Know that you will be very lucky to have an editor mentor you at all!!  They don't want to.  It is not their job.  That is work they do not get paid for.  How would you like to do typing you did not get paid for.  Remember this.  You can, however, try to develop friendships with them.  Even if some of them do act like angry school marms, do not arque with them.  You never know, they may be the one doing your next audit.  I have been lucky enough to have 1 editor who told me to e mail her at any time.  Not to chat or gossip - only the report question in a simple one or two sentence question that requires a one or two sentence answer.  Do not abuse this favor.  Make those requests as seldom as possible - if you think you are doing the same thing wrong over and over again.

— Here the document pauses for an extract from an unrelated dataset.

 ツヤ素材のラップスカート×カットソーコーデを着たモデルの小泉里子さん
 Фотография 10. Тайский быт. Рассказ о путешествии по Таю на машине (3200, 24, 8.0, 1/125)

Lastly.  To begin with, do not worry as much about templates as words, unless of course the template is going to make your life much easier every day.  Think about the words that you use in almost all reports.  The patient- tp in exander.  You may use the same headings over and over.  Expand those.  Expand extremely long words.  Hepatosplenomegaly - hepato.  TRY NOT to use one or two letter expanders, as eventually this WILL catch up to you and you will have to change them and remember them all over again.  Make sure you expand all the words and phrases you can use in each and every report.  This is going to take years - not months.  Expand them at the time you are using them in the report and write them down for reference until you are familiar - don't make this too extensive.  In the next one to two years your line count should increase by 20-25%.  This is called experience.  You build your skills, your references, your contacts, and your Expanders - anything that makes you faster, more productive, and more money.  Hope this helps.